> **Material provided**:
= = = = = = =
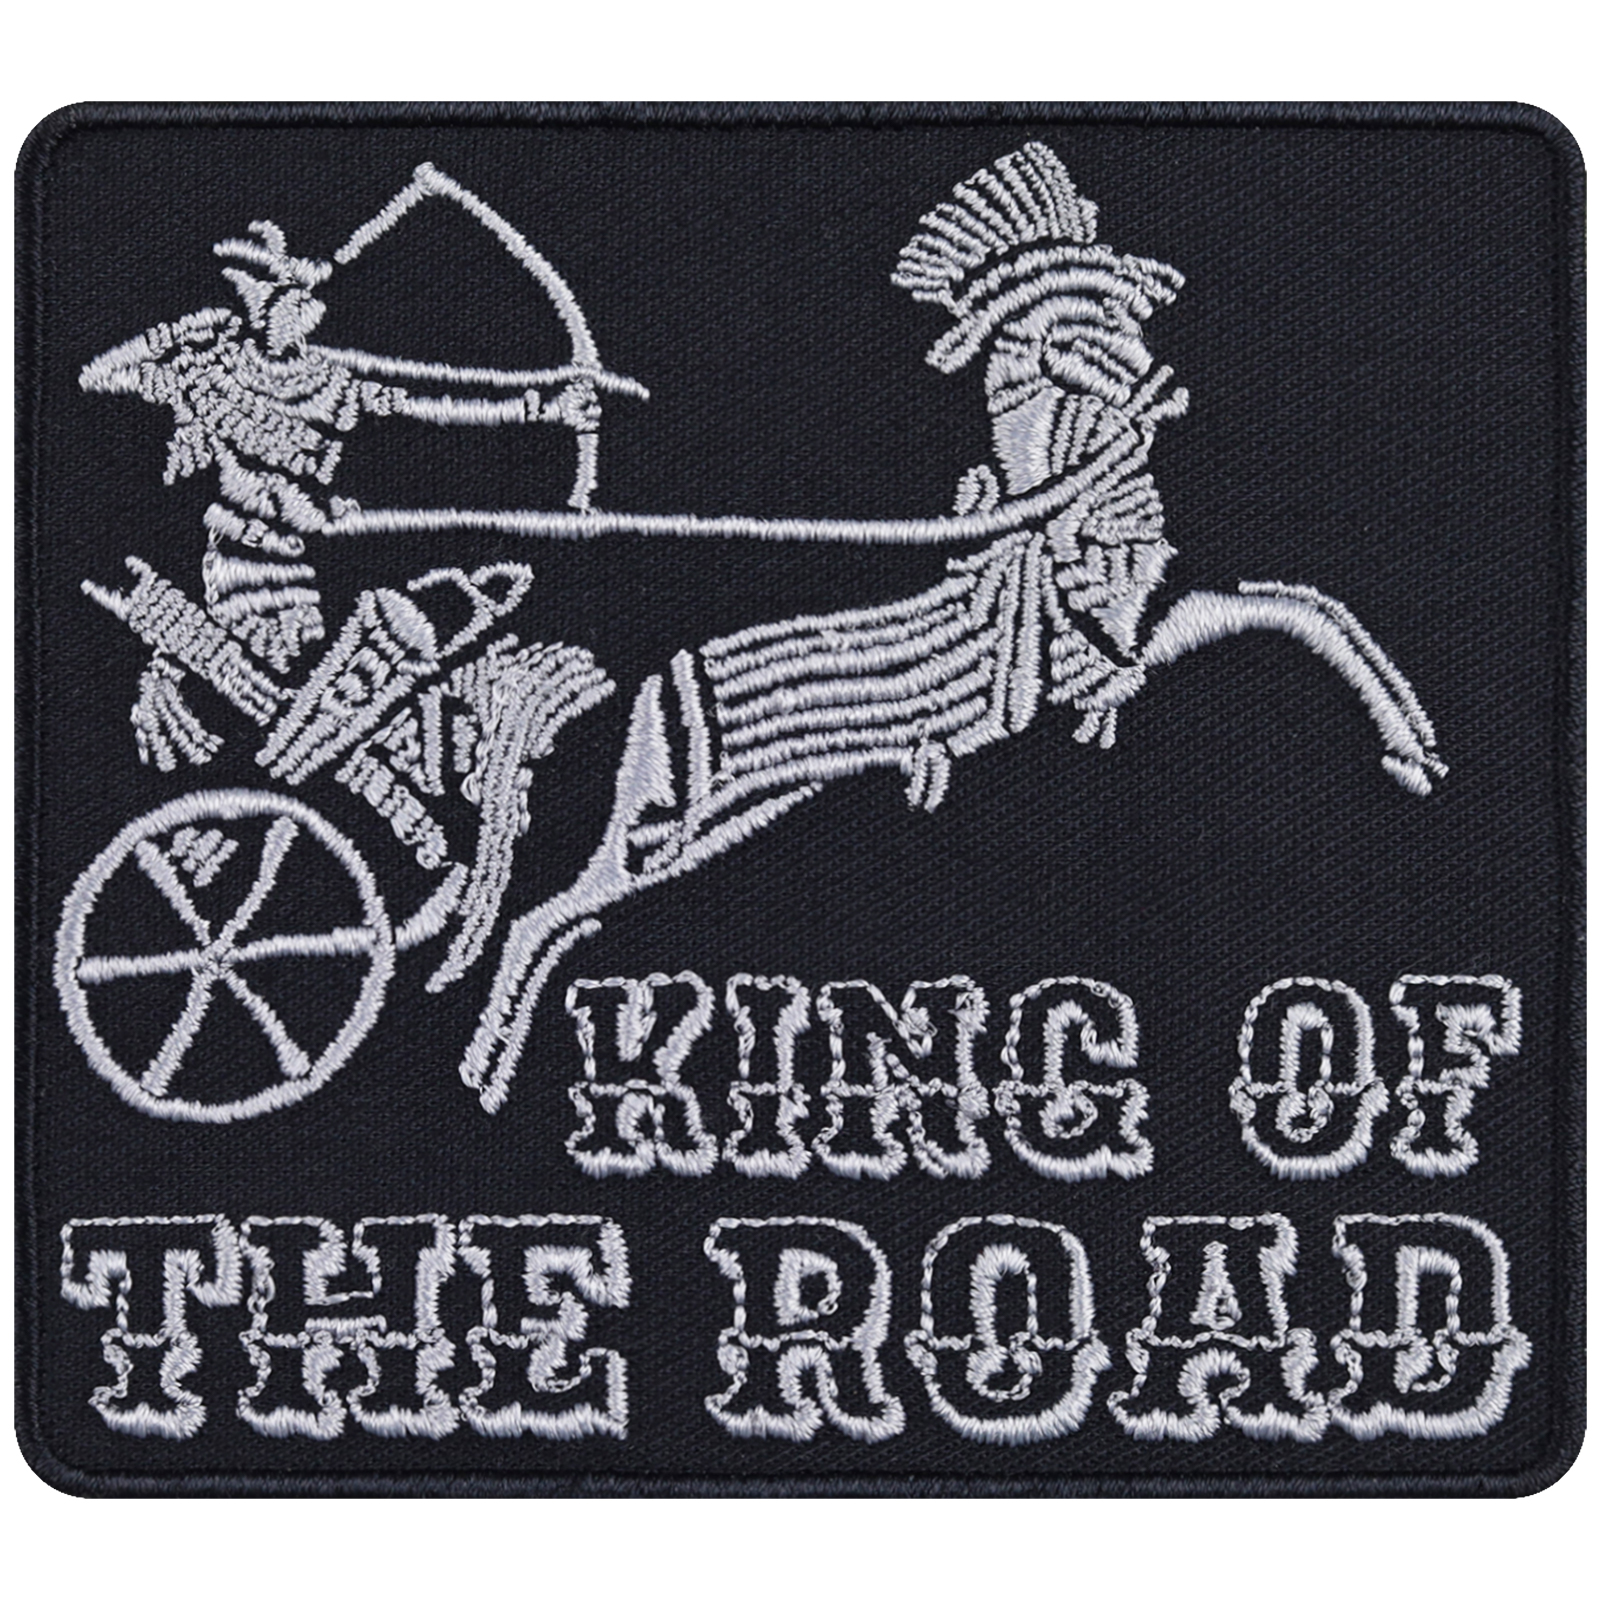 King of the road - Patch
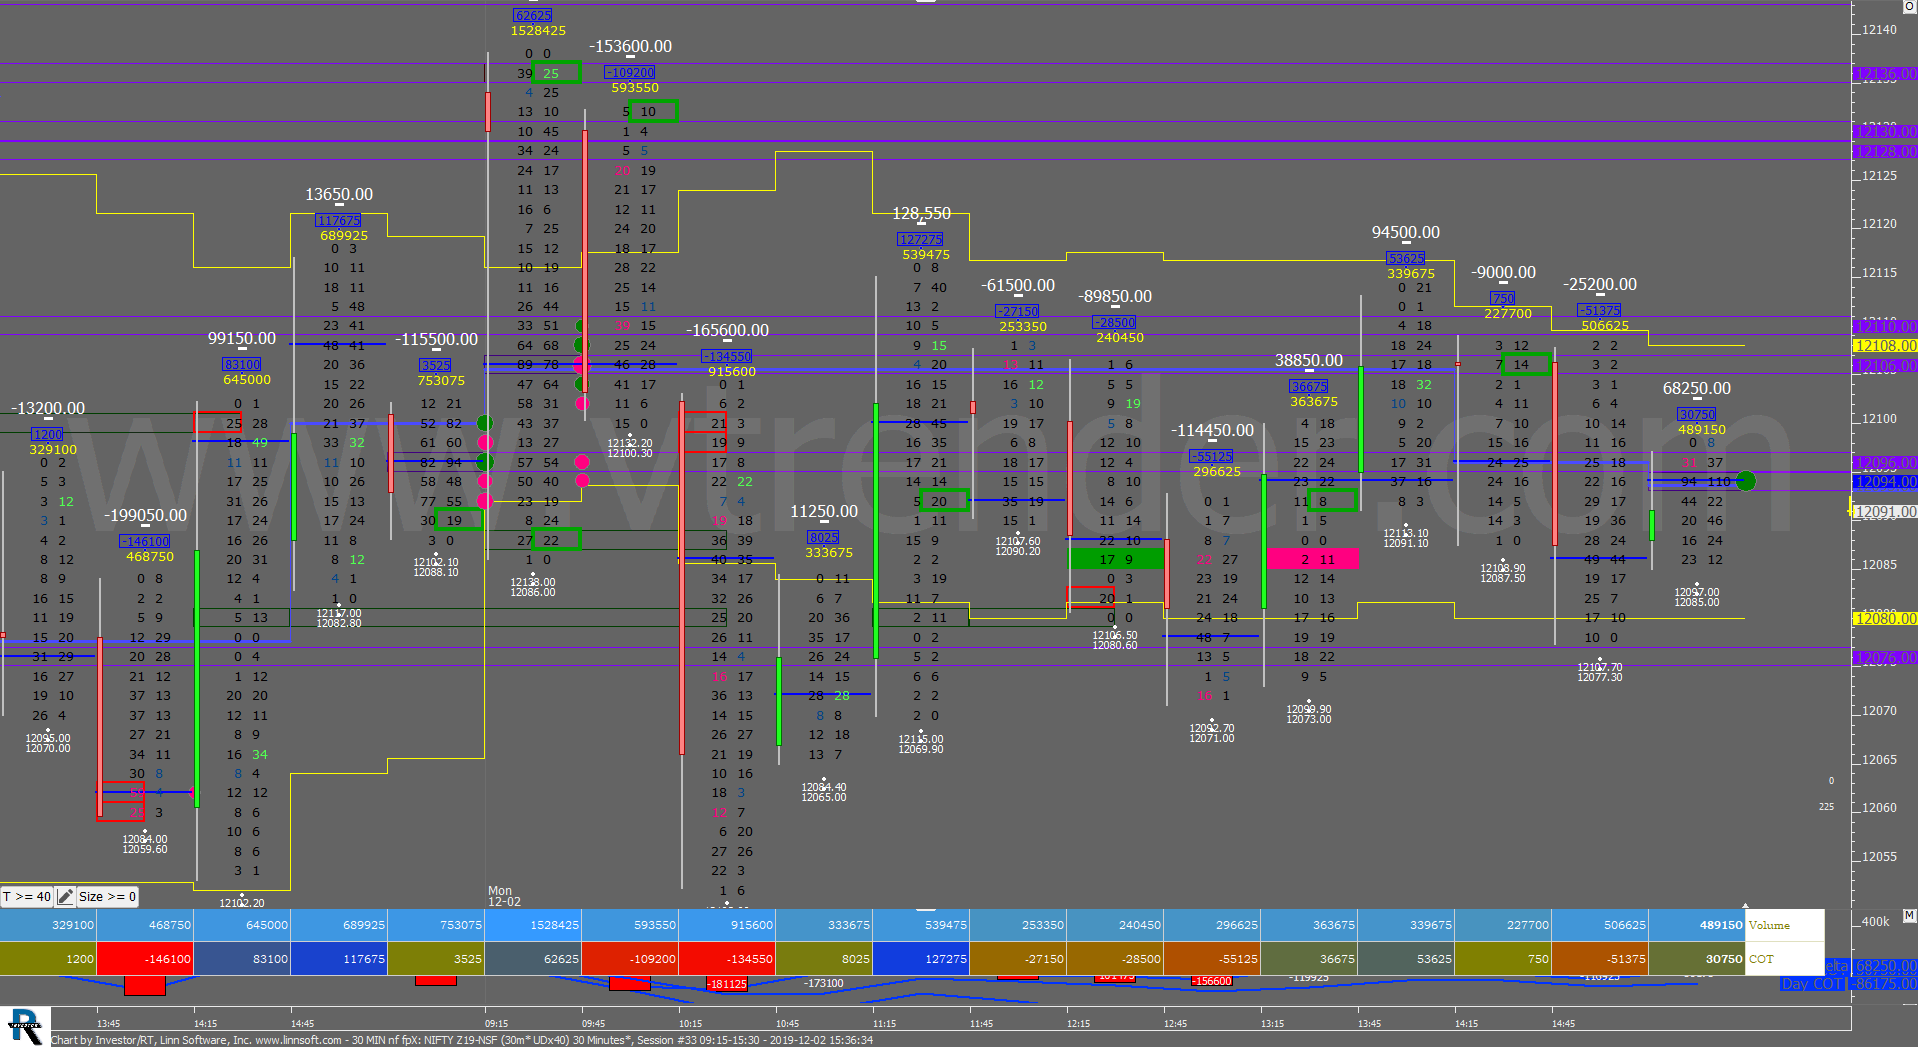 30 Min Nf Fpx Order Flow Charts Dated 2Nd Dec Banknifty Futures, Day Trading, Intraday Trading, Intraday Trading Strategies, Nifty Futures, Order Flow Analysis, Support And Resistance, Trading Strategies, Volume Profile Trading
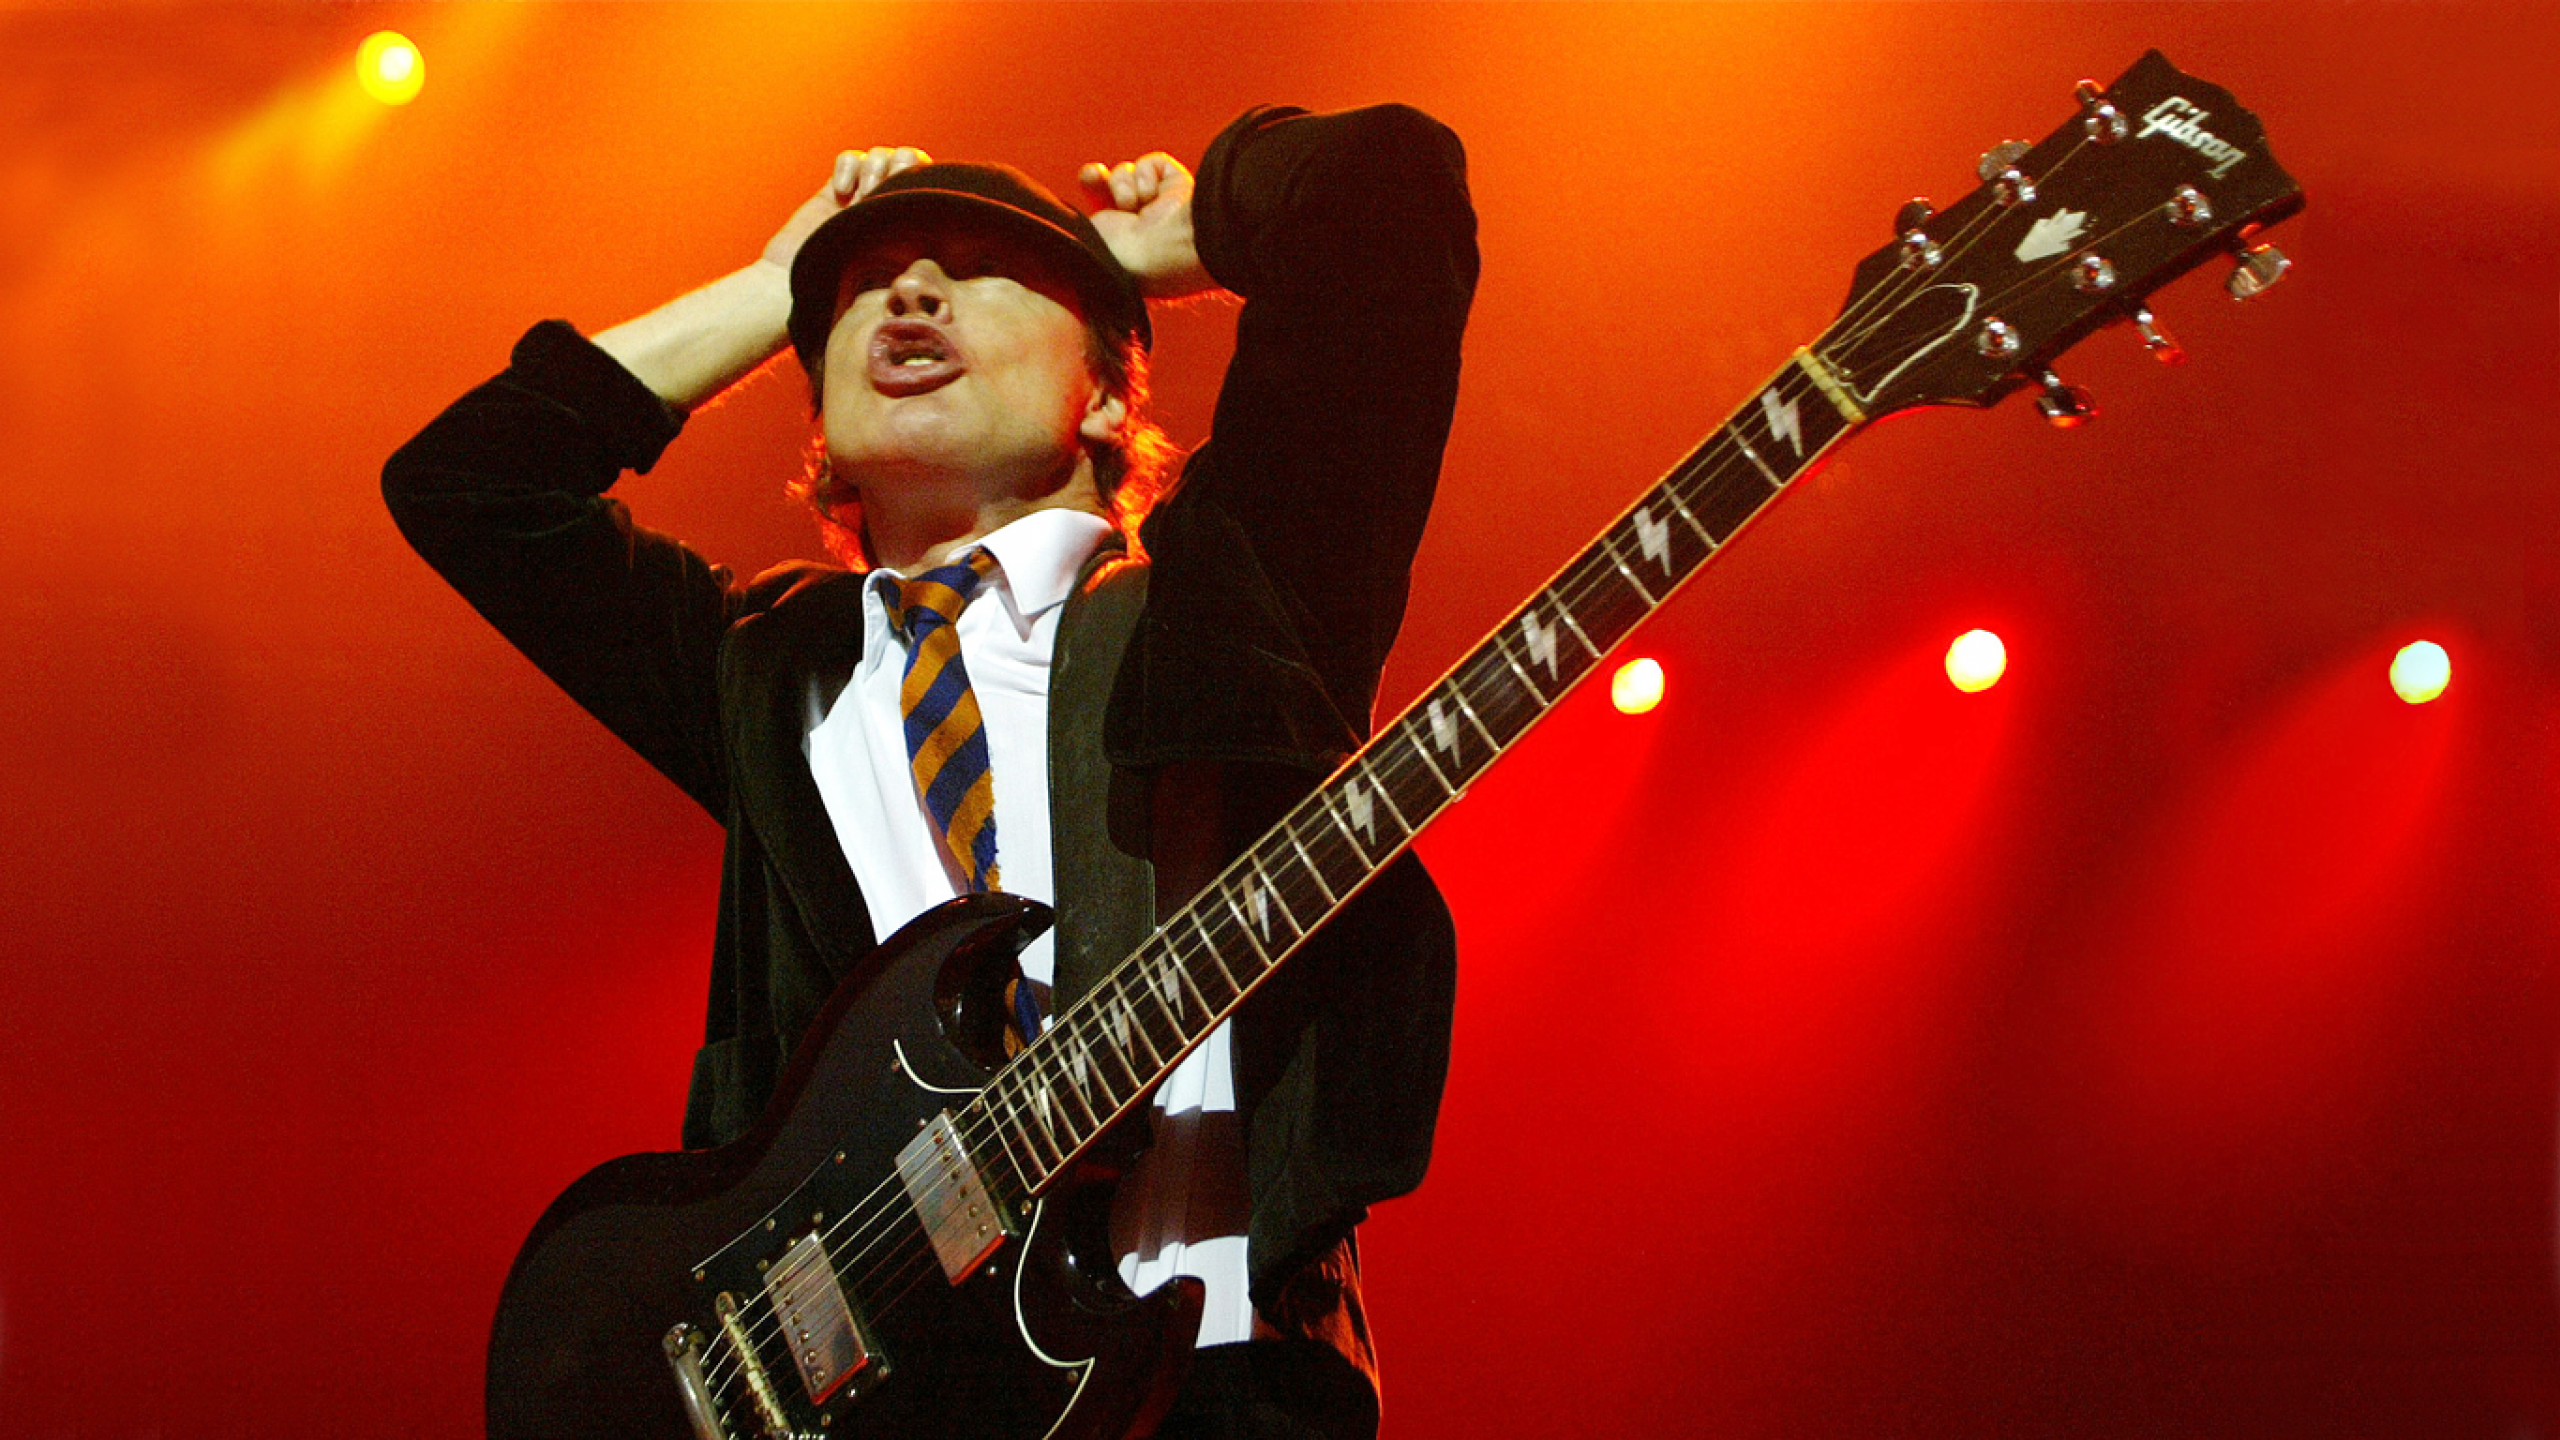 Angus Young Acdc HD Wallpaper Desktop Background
= = = = = = =
> **Try it**: Retype the data exactly; images stay out.

> **Exercise output**:
 King of the road - Patch
 30 Min Nf Fpx Order Flow Charts Dated 2Nd Dec Banknifty Futures, Day Trading, Intraday Trading, Intraday Trading Strategies, Nifty Futures, Order Flow Analysis, Support And Resistance, Trading Strategies, Volume Profile Trading
 Angus Young Acdc HD Wallpaper Desktop Background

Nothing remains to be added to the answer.